Тишина продолжалась недолго, да и относился к ней Казарин всегда с опаскою, она способна была завязать все, что имелось у человека внутри, в один узел, сделать его каменным, от недоброго ожидания иной боец мог вообще окаменеть — целиком, и если немцы не капитулировали, то и тишины никакой не надо…
Словно бы отзываясь на мысли, болезненно роящиеся в голове капитана, парализующая тишь внезапно взорвалась, пространство загрохотало вновь, свои лютые песни запели не только автоматы, выползшие откуда-то фольксштурмисты сделали несколько гулких, сопровождаемых паровозным шипением выстрелов из фаустпатронов, с пушечным лязганьем невдалеке загрохотал тяжелый крупнокалиберный пулемет.
Как бы там ни было, капитуляцией берлинского гарнизона пока не пахло.
Уличное пространство было затянуто лохматым маслянистым дымом: горели сразу три танка, два немецких и один наш — старая, помятая самоходка, подпаленная, похоже, фаустпатроном. Экипаж самоходки выбрался из машины и укрылся за каменным корпусом электроподстанции.
Впрочем, по размерам этот темный, пропахший порохом домишко больше походил на платяной шкаф, чем на промышленное здание, и уж совсем не походил на корпус электроподстанции…
Неожиданно из подвального лаза выполз один немец, испачканный красной кирпичной пылью, за ним второй, Казарин понял, чем все это может пахнуть, и внезапно охрипшим голосом скомандовал своей притихшей от осознания того, где она находилась, группе:
— За мной!
Конечно, и в кабинет Гитлера, и в коридоры, заваленные мебелью и засыпанные орденами, они уже вряд ли когда попадут — как только закончатся городские бои, тут и смершевцы появятся, и разведка, и штабные офицеры — разный люд будет топтаться, а тех, кто с ходу, с боем брал бронированные бункера фюрера, отодвинут в сторону, и капитан считал это правильным, поскольку дело переходило уже в плоскость государственных интересов — высшую, так сказать, ступень политического бытия, если же пускать всех, то очень скоро затопчут все следы, ничего, кроме пыли и кирпичной крошки, не останется.
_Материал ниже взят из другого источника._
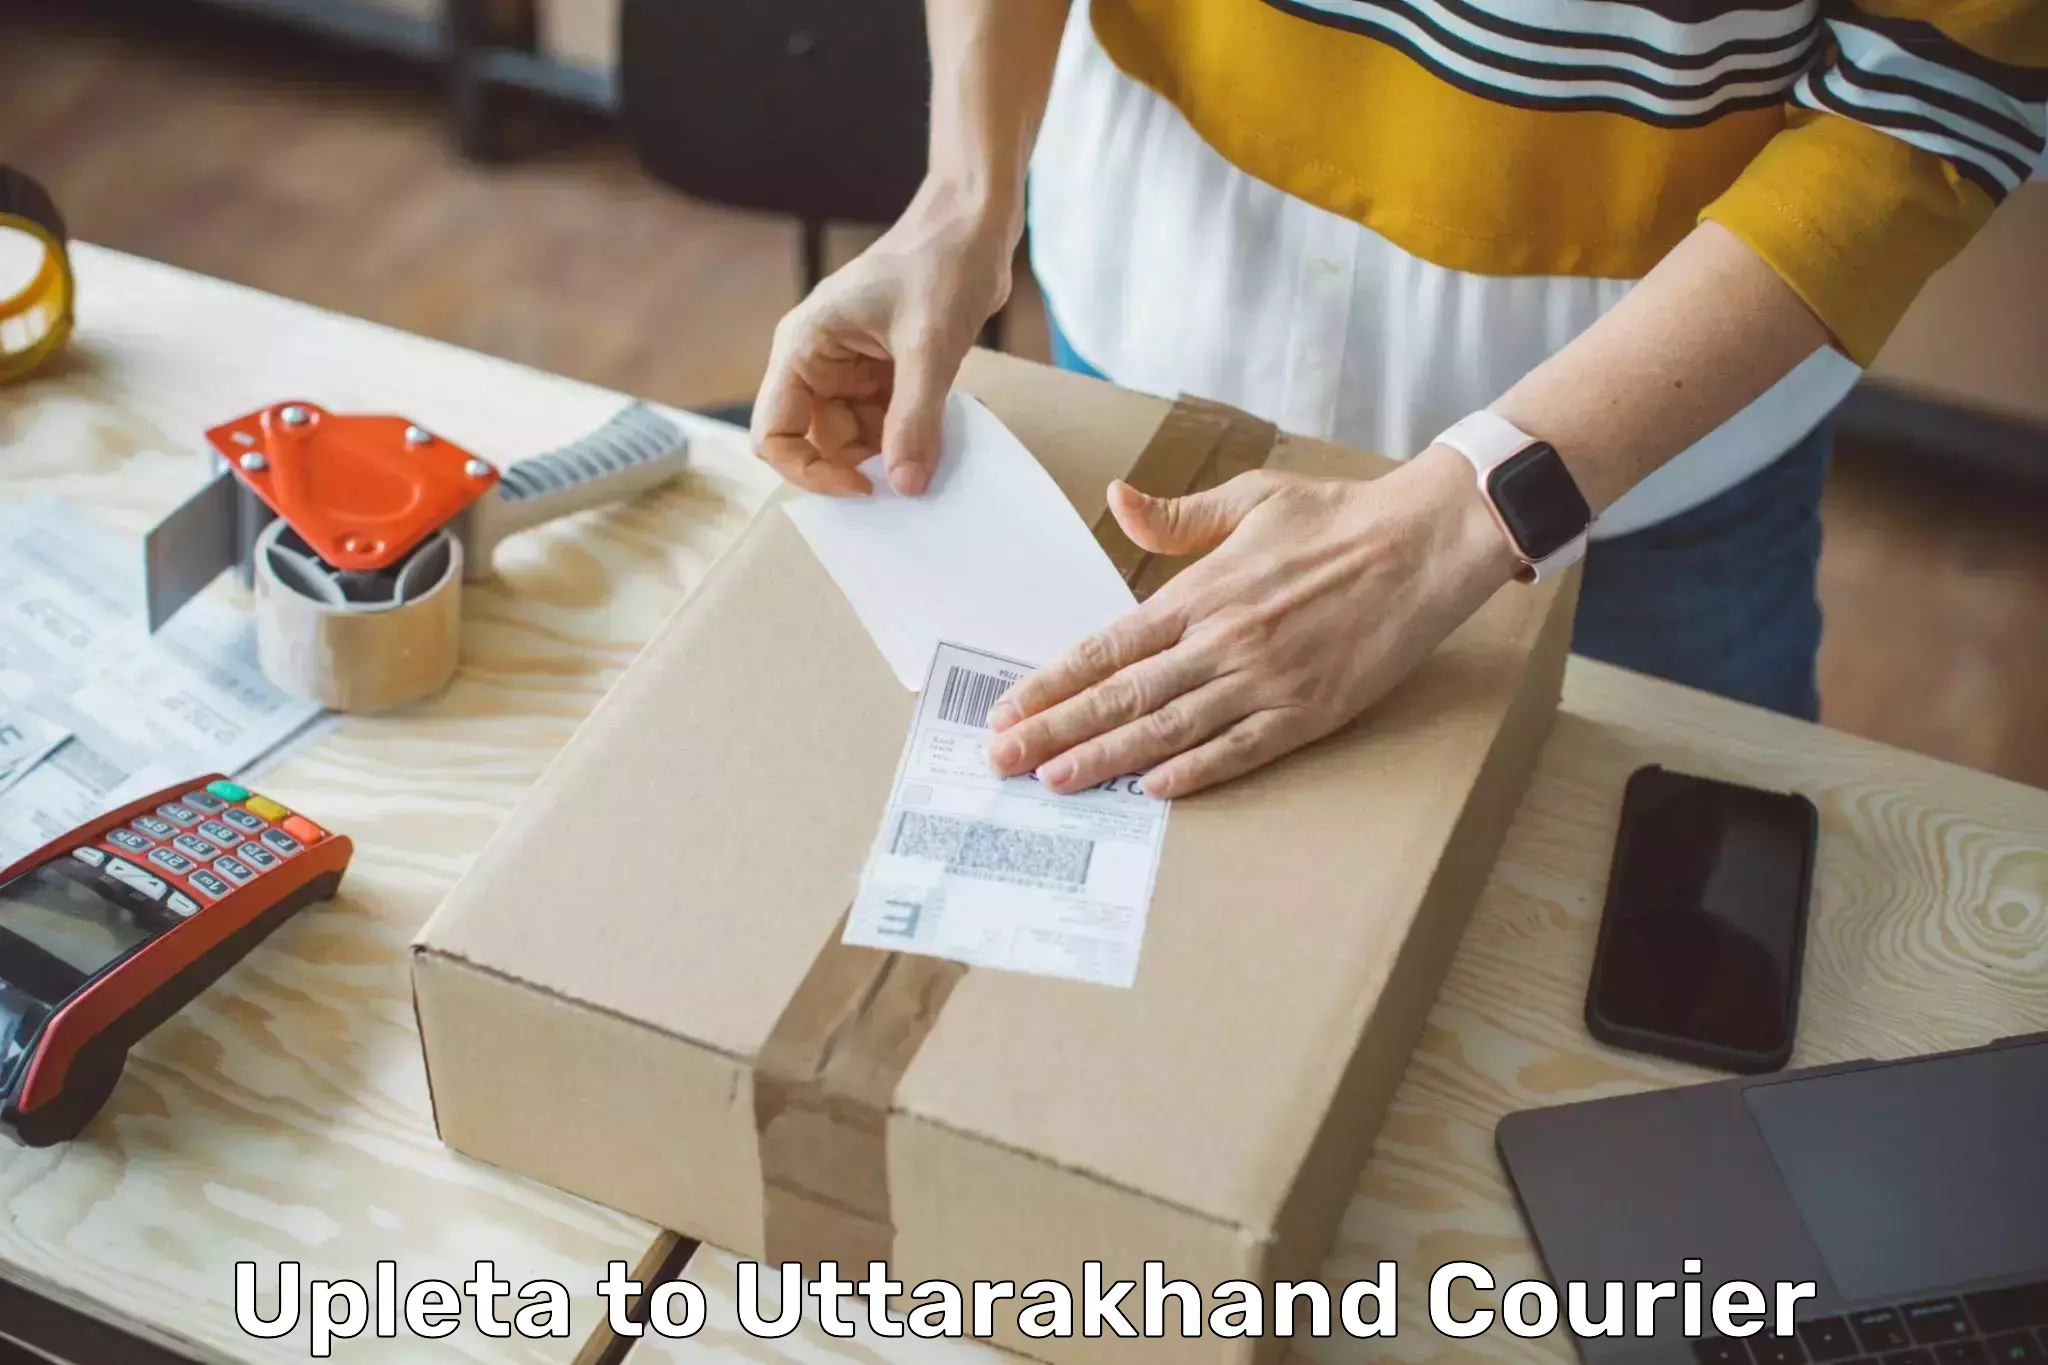 Customer-friendly courier services Upleta to Uttarakhand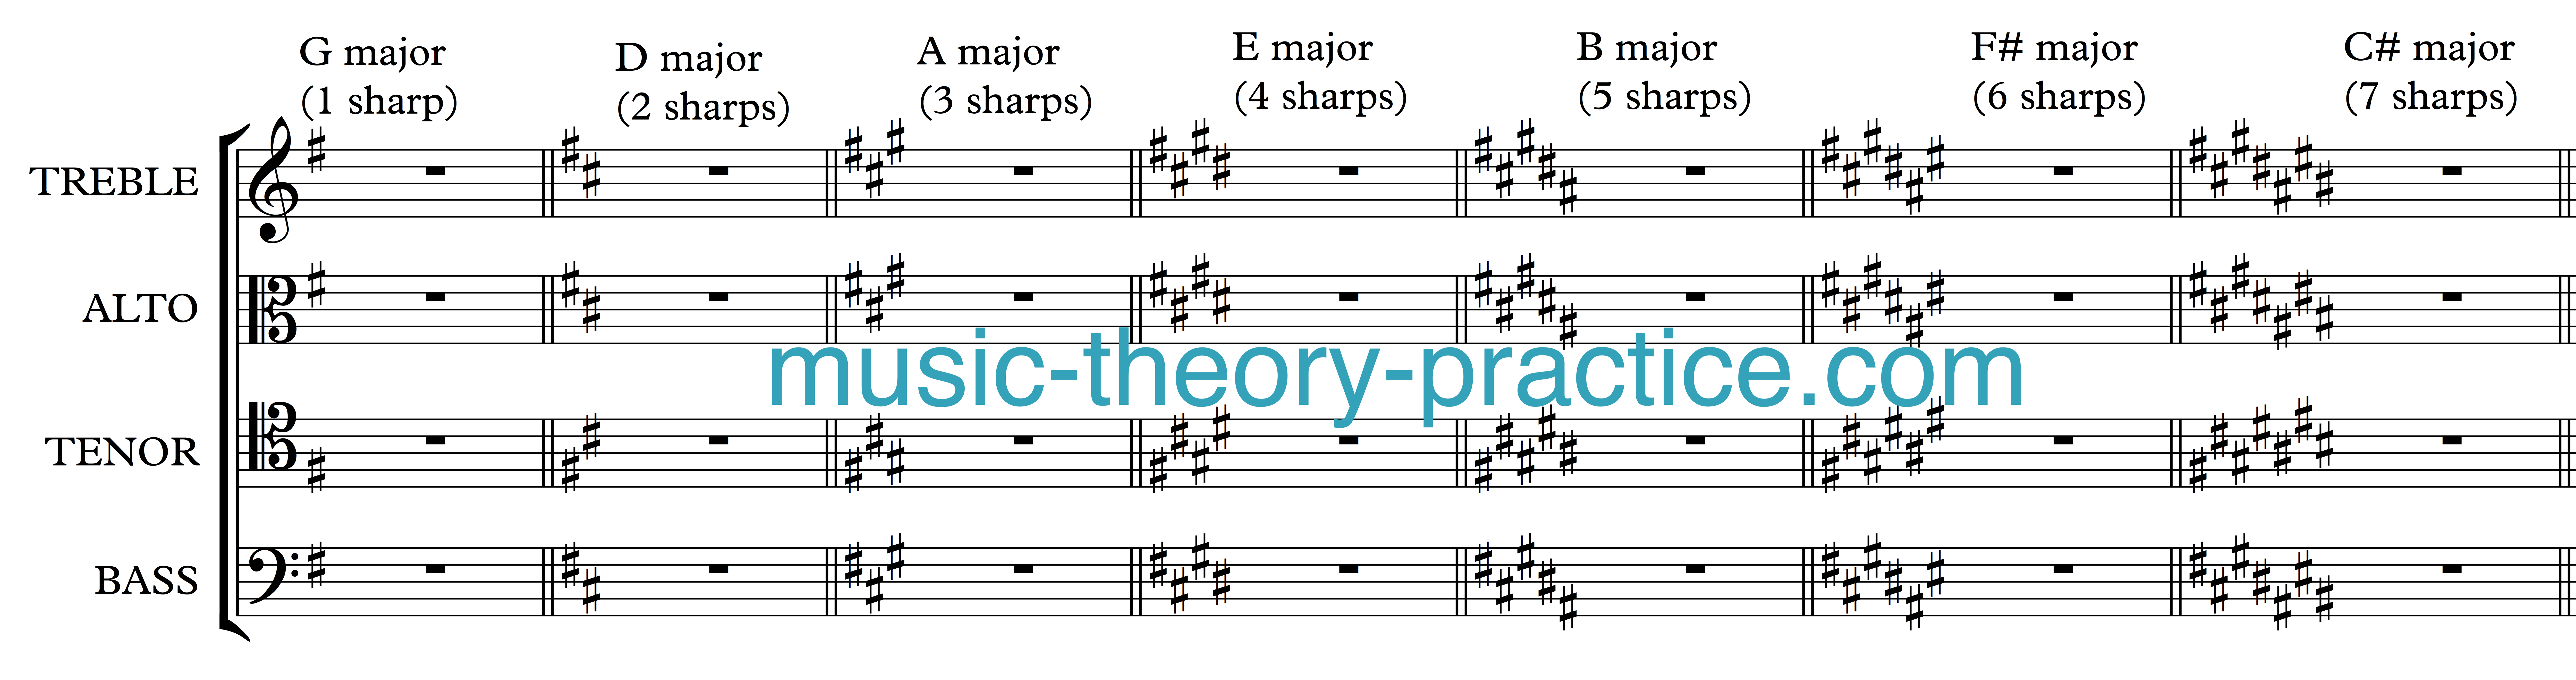 key-signature-flashcards-music-theory-practice

А немцы выдавливались из подвала, будто червяки из навоза, шустро, один за другим — судя по всему, прошли по подземным коммуникациям, по лазам, пахнущим гнильем и туалетными стоками.
— Баринов, на правый фланг! — скомандовал капитан, сам с тремя бойцами выдвинулся влево: надо было прикрыть самоходчиков, с пистолетами "ТТ" против немецких "шмайссеров" они долго не продержатся. — Когда же вы успели наплодиться в таком количестве? — воскликнул Казарин и одной точной очередью слизнул край червячьей цепочки.
Немцы попадали на землю и через несколько мгновений, поняв, что вряд ли они сумеют здесь пробиться на волю, в ближайший лес, поспешно начали вдавливаться назад, в свой подвал, — иначе не спастись. Вылазка на свежий воздух обошлась им в полдесятка трупов.